Regarding the report, I think that it is a very well-written critique of the Government of Alberta’s response to the COVID-19 pandemic, but it is not a final conclusive report. This is a good start to opening the door for some important deep governmental discussions that need to happen, including diving deeper into the harms caused by the COVID-19 modRNA vaccines, like the DNA contamination and the presence of the SV40 promoter-enhancer nuclear localization sequences, the vast number of vaccine-injured people, and the increased risk of turbo cancer. While I am disappointed that the Government of Alberta, namely Premier Smith, tried to bury this report by sitting on it for six months and quietly releasing the report without a proper press conference on the week of the USA inauguration I am relieved to see that the report was finally made public. The government’s attempt to bury the report shows that this is indeed a damning report and the government’s response could have been much better. However, I hope that this report will bring about government transparency and begin that well-needed conversation so that our society can indeed heal.
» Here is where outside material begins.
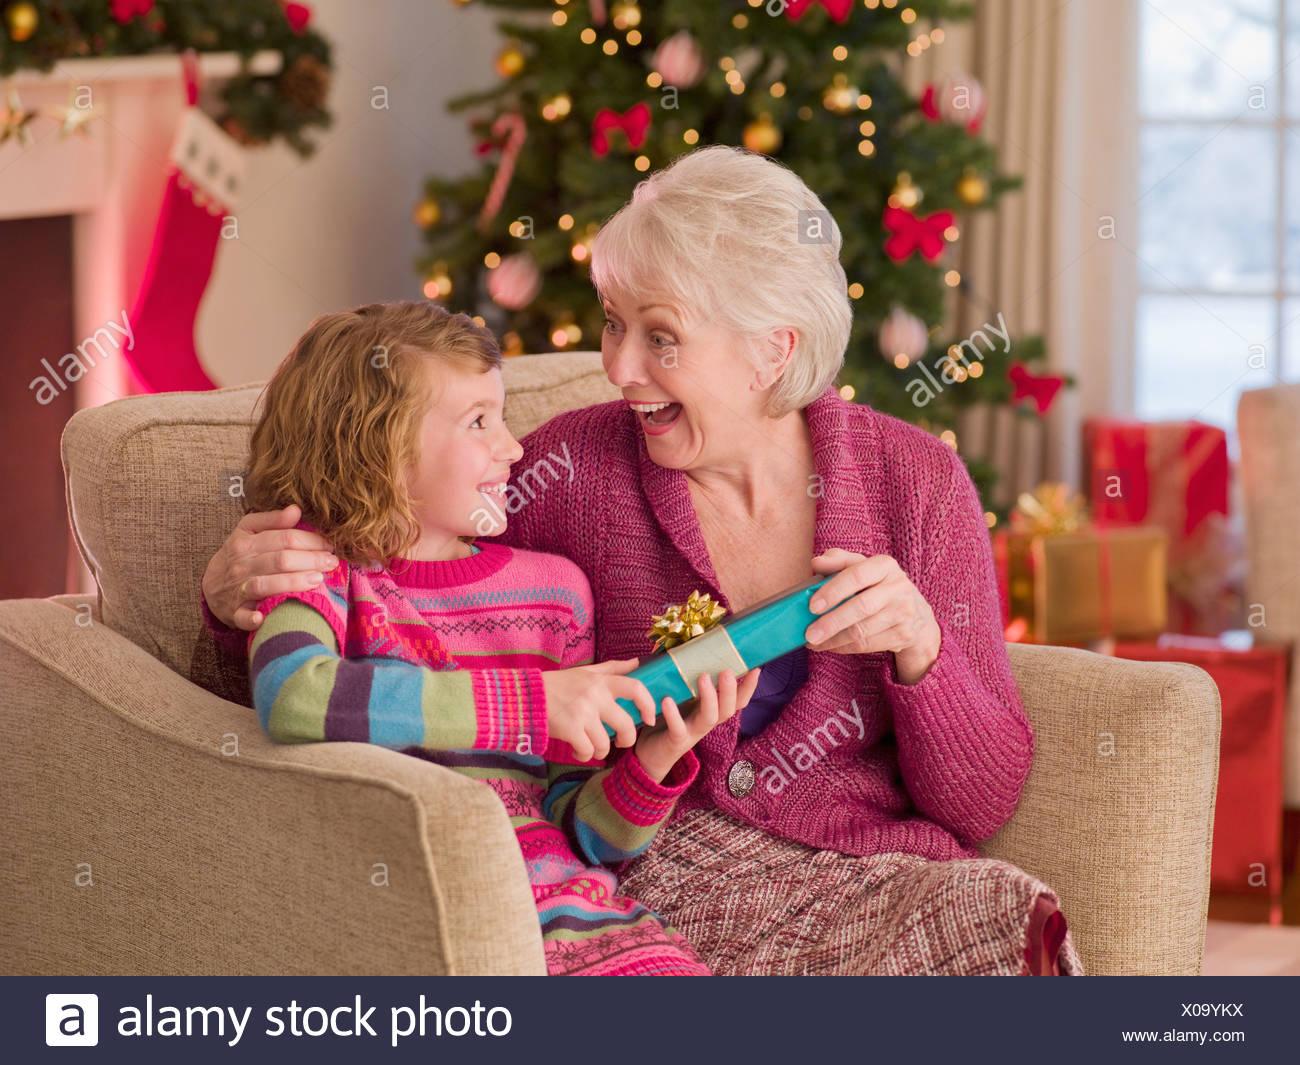 Kid Gift Grandma Stock Photos & Kid Gift Grandma Stock Images - Alamy

Healing Humanity is the theme of the next An Injection of Truth happening on March 3, 2025 in Calgary, Alberta. During the event I will be sharing on the numerous ways the COVID-19 vaccines can potentially cause harm and what can be done to heal from those harms. I will share the stage with several other prominent scientists.

  • Dr. Byram Bridle who has also shared his insights on The Davidson Report and will be “exposing lies from public health agencies that contributed to a myriad of problems within the pandemic response.”
  • Dr. Gary Davidson will be presenting on the contents the report by the Alberta COVID-19 Pandemic Data Review Task Force.
  • Dr. Denis Rancourt will provide a deep dive into the all-cause mortality.
  • Dr. David Martin will definitely be a presenter that no one will want to miss.

In closing, I encourage everyone to read through The Davidson Report and post your thoughts on the report in the comments section. What did you like or disagree with? What would you like to see different next time? I would be happy to take your comments to Calgary in March 2025. I also hope that this will be one of many governmental task forces that take a deep dive into the governmental response to the pandemic. We desperately need one for each province and at the federal level.